* [Aim of the exercise]: Output exactly the lines below, starting with the line that has "Prawosławny sakrament ślubu" and going on through the line that has "Bouquet Sposa Lilla", both included, and no other lines.
Segment Open
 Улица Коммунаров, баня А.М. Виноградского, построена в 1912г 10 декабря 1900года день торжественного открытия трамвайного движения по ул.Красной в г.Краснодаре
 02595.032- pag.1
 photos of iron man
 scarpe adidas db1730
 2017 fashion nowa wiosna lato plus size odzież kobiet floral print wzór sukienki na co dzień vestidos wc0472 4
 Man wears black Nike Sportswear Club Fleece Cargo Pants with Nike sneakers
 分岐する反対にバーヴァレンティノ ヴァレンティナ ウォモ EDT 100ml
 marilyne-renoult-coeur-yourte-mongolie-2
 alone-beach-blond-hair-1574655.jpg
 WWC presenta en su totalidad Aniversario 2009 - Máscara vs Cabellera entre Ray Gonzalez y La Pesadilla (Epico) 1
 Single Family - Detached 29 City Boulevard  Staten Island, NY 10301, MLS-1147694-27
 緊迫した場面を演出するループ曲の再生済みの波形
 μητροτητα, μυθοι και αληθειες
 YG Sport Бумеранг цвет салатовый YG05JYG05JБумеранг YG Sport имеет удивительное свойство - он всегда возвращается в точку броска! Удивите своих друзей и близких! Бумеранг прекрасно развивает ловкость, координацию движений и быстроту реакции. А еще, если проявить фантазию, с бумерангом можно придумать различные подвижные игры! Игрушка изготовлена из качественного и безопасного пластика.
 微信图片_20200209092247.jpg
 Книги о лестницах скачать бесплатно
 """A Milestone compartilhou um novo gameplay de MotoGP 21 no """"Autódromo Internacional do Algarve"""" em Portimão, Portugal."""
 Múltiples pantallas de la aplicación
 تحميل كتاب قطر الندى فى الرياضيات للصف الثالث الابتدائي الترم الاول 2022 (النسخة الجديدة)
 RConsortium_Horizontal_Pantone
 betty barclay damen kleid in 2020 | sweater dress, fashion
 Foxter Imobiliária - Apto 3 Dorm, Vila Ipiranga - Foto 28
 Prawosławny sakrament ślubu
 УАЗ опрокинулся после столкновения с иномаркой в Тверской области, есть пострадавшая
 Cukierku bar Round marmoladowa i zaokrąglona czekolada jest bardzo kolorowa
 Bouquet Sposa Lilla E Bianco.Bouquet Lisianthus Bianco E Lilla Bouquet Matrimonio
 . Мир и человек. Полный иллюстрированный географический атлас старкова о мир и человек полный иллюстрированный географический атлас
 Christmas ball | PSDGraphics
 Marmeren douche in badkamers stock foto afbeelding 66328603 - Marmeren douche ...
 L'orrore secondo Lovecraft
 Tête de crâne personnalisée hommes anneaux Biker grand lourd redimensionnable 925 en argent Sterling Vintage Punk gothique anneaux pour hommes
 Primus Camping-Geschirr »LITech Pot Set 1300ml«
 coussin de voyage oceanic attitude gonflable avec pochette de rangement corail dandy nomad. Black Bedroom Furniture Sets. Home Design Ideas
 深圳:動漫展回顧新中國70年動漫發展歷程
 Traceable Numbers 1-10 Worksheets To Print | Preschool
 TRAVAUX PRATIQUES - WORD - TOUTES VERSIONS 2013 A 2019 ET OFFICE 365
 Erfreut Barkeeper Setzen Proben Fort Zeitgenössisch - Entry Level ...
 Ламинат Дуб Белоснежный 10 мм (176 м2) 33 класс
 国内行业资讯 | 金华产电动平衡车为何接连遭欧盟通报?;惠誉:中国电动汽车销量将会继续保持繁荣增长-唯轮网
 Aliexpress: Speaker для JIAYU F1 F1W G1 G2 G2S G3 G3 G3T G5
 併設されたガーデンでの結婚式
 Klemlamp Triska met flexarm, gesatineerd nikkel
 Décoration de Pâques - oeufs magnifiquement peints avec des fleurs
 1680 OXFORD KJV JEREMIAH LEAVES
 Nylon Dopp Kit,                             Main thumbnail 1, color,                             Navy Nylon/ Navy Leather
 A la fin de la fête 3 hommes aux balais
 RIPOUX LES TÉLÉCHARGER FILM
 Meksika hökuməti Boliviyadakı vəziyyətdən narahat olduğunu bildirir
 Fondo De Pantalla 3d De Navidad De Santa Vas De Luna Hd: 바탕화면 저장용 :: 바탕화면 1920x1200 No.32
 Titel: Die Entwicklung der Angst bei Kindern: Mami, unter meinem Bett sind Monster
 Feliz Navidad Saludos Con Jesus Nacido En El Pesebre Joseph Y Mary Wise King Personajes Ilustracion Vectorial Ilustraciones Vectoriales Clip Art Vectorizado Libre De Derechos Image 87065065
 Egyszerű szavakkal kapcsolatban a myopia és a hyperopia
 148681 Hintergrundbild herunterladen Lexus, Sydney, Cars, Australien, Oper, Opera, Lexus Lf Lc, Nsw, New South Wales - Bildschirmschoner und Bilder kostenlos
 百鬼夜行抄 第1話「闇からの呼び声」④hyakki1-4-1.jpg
Segment Closed
* [Solution for this problem]:
 Prawosławny sakrament ślubu
 УАЗ опрокинулся после столкновения с иномаркой в Тверской области, есть пострадавшая
 Cukierku bar Round marmoladowa i zaokrąglona czekolada jest bardzo kolorowa
 Bouquet Sposa Lilla E Bianco.Bouquet Lisianthus Bianco E Lilla Bouquet Matrimonio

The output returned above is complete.